* **Your goal**
Whatever pictures appear, omit them, and repeat the data below exactly.

* **Information shown**
========
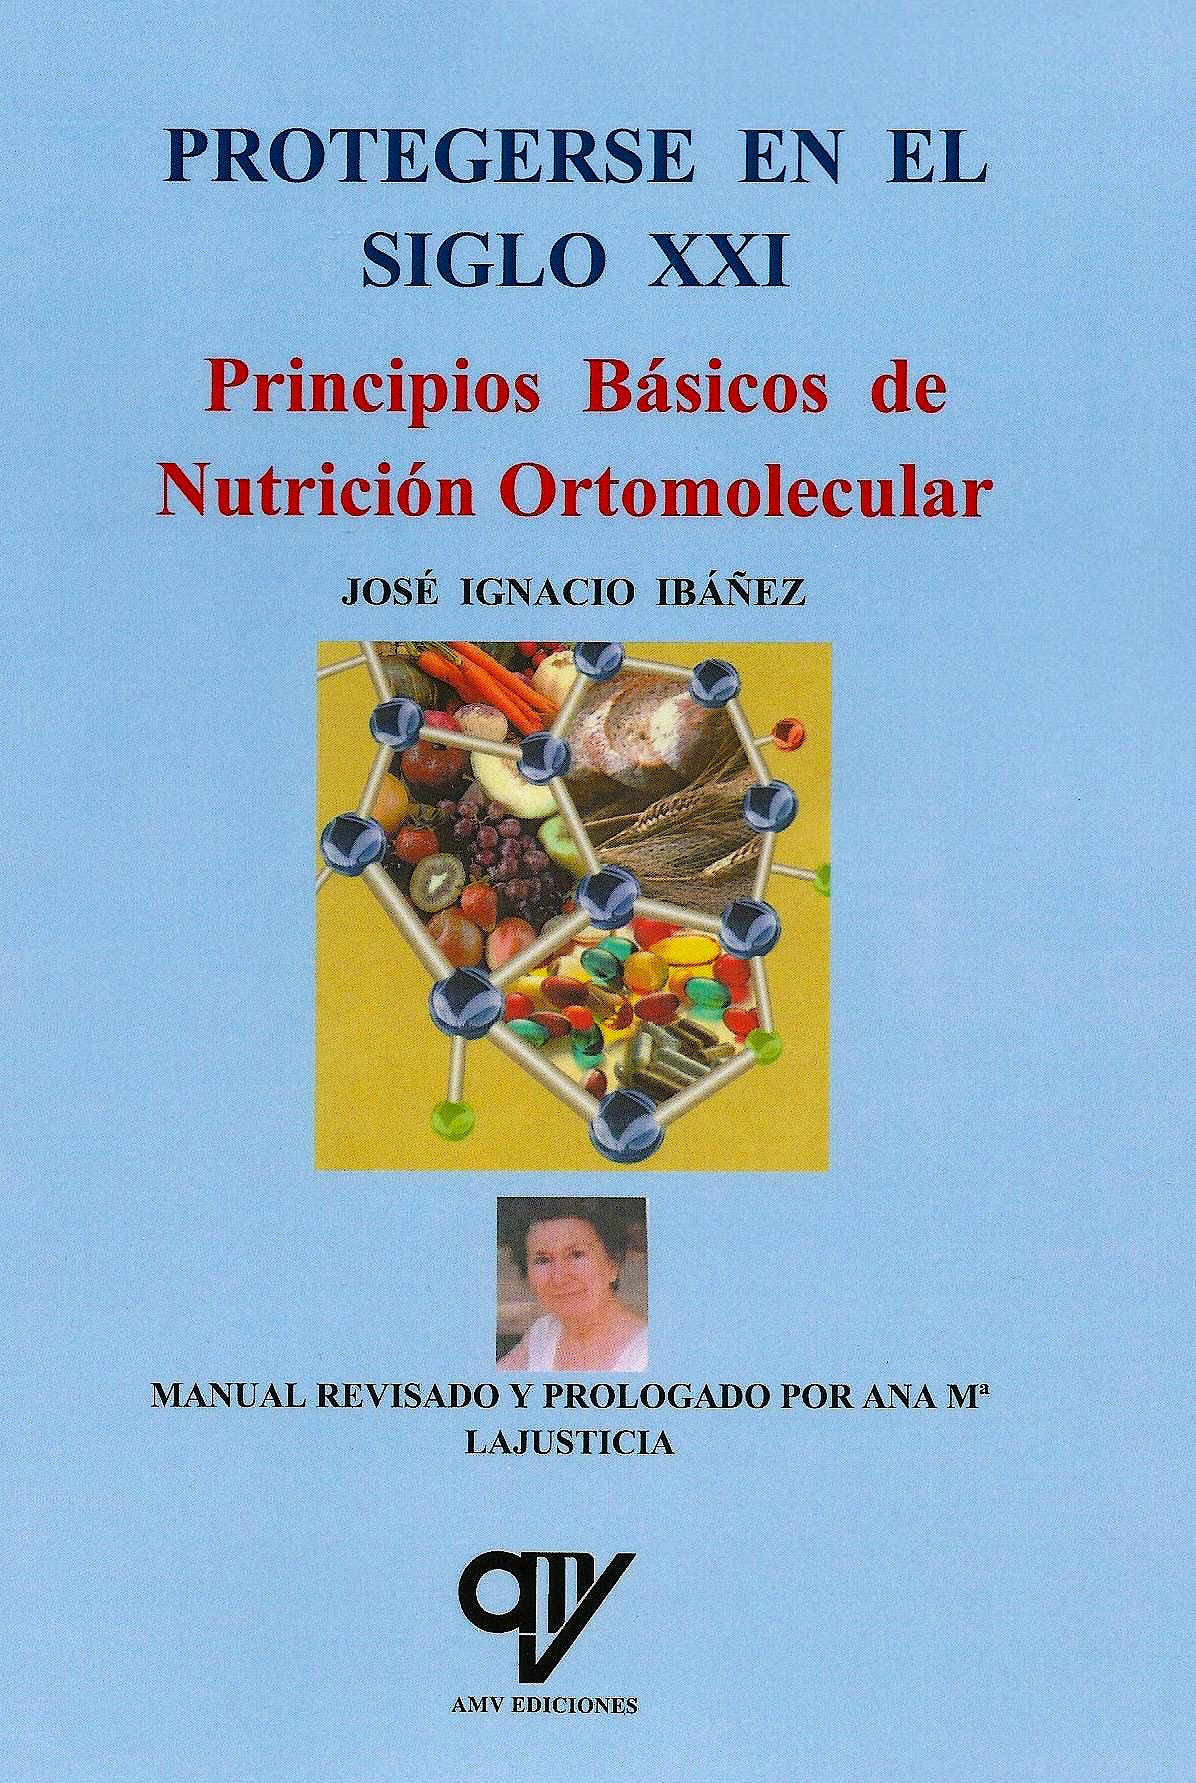 Principios Básicos de Nutrición Ortomolecular
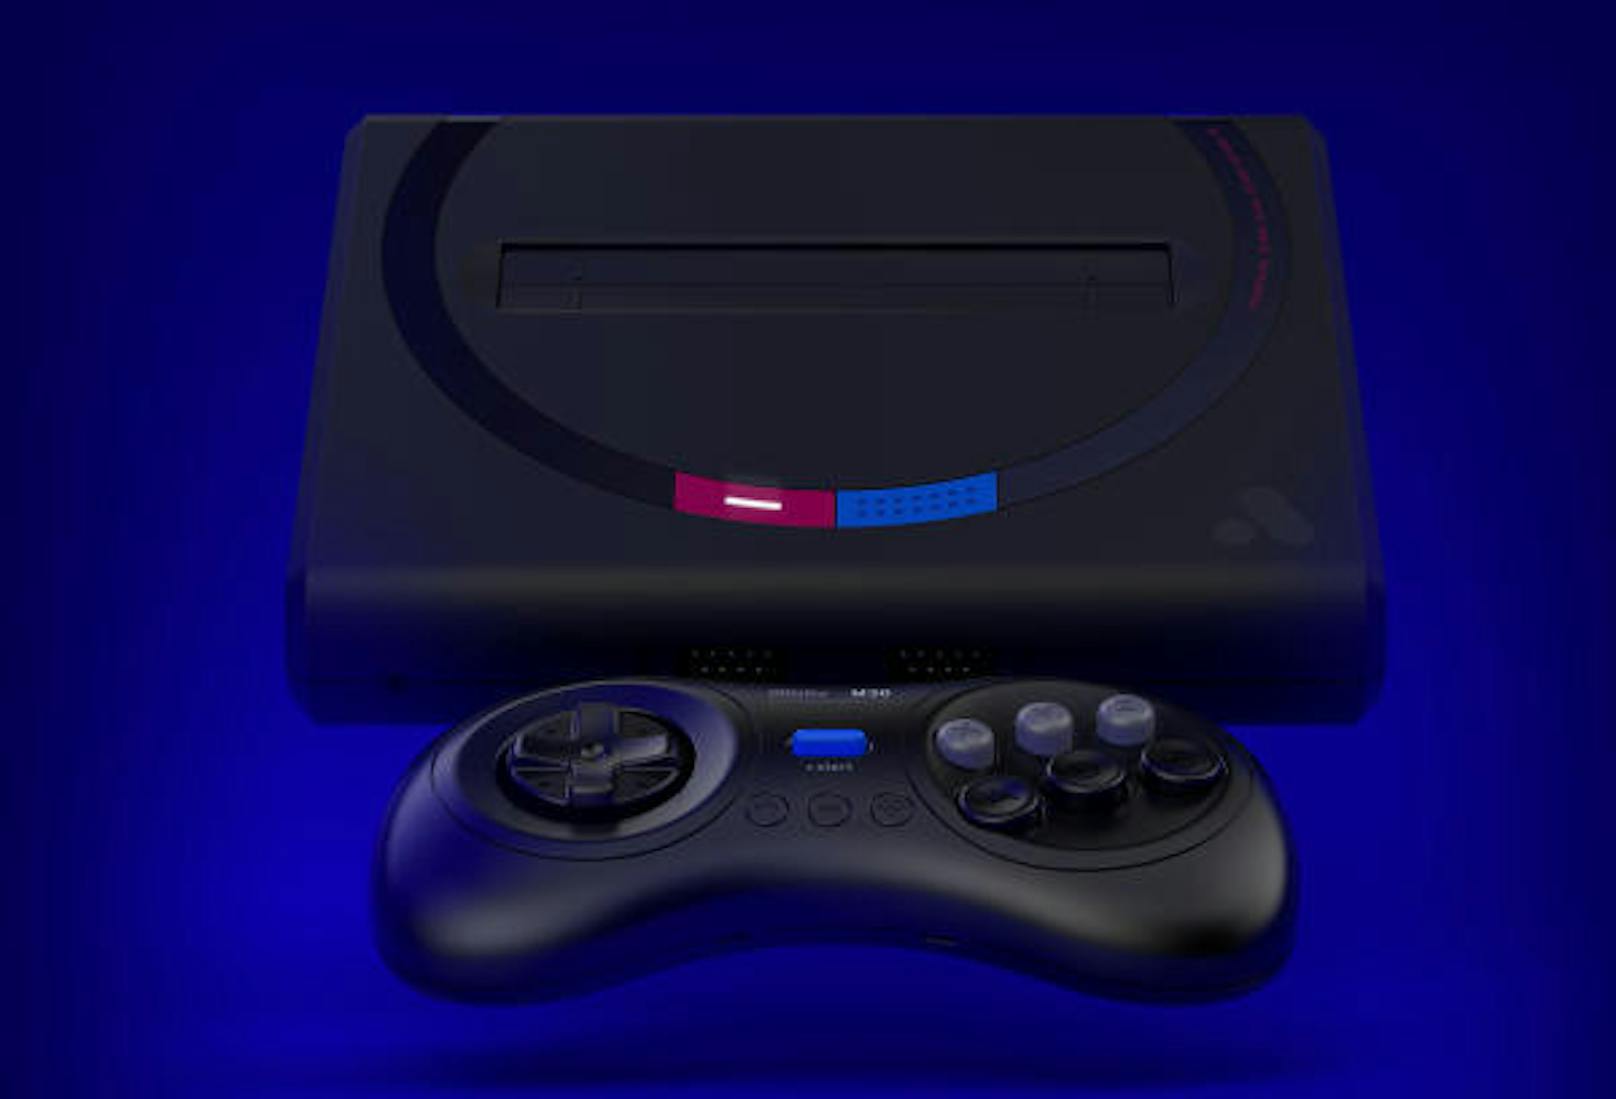 Vor 30 Jahren kam die erste Sega Genesis auf den Markt. Jetzt gibt es für die Retro-Konsole eine Art Comeback. Die Mega Sg ist eine HDMI-fähige Neuauflage, mit der die alten Cartridges gespielt werden können. Die Konsole wird mit Wireless-Controllern geliefert. Dafür verantwortlich ist das Unternehmen Analogue, das schon zuvor modernisierte Versionen der NES- und SNES-Konsolen entwickelt hatte. Die Mega Sg unterstützt Spiele für Genesis/Mega Drive, Sega Master sowie für die Game Gear und die Sega-Systeme SG-1000, SC-3000 und Mark III. Auch die ersten CD-ROM-Spiele von Sega können auf der neuen Konsole gezockt werden. Die Mega Sg gibt es für 189 Dollar und kann bereits vorbestellt werden. Geliefert werden soll diese jedoch erst im April 2019.
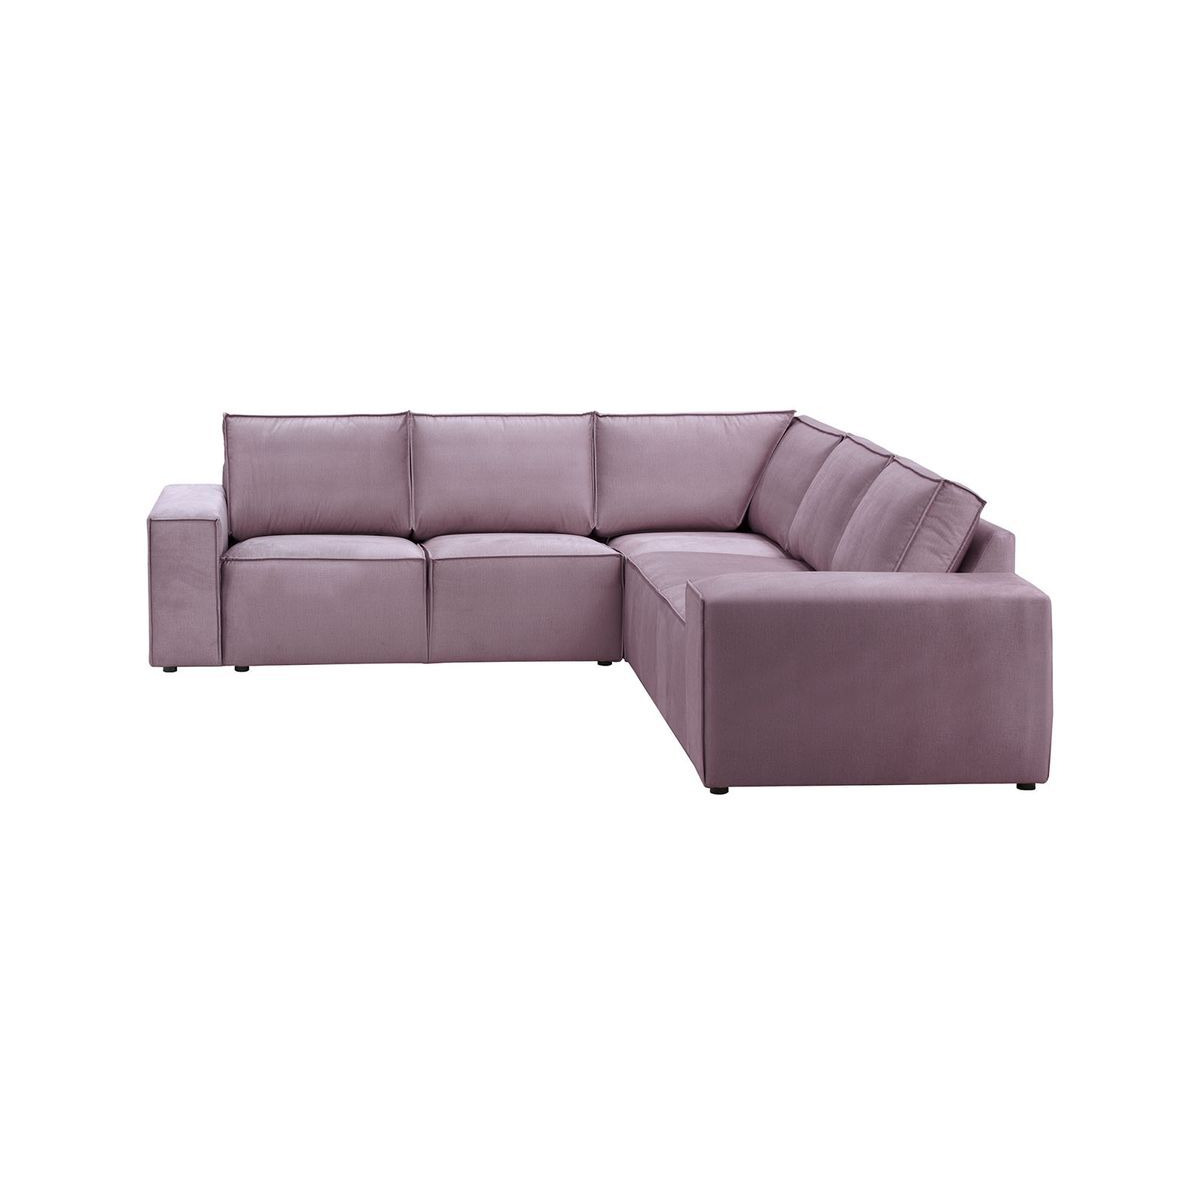 Charles Large Modular Corner Sofa, blush - image 1
========
* **Result of the task**
 Principios Básicos de Nutrición Ortomolecular
 Vor 30 Jahren kam die erste Sega Genesis auf den Markt. Jetzt gibt es für die Retro-Konsole eine Art Comeback. Die Mega Sg ist eine HDMI-fähige Neuauflage, mit der die alten Cartridges gespielt werden können. Die Konsole wird mit Wireless-Controllern geliefert. Dafür verantwortlich ist das Unternehmen Analogue, das schon zuvor modernisierte Versionen der NES- und SNES-Konsolen entwickelt hatte. Die Mega Sg unterstützt Spiele für Genesis/Mega Drive, Sega Master sowie für die Game Gear und die Sega-Systeme SG-1000, SC-3000 und Mark III. Auch die ersten CD-ROM-Spiele von Sega können auf der neuen Konsole gezockt werden. Die Mega Sg gibt es für 189 Dollar und kann bereits vorbestellt werden. Geliefert werden soll diese jedoch erst im April 2019.
 Charles Large Modular Corner Sofa, blush - image 1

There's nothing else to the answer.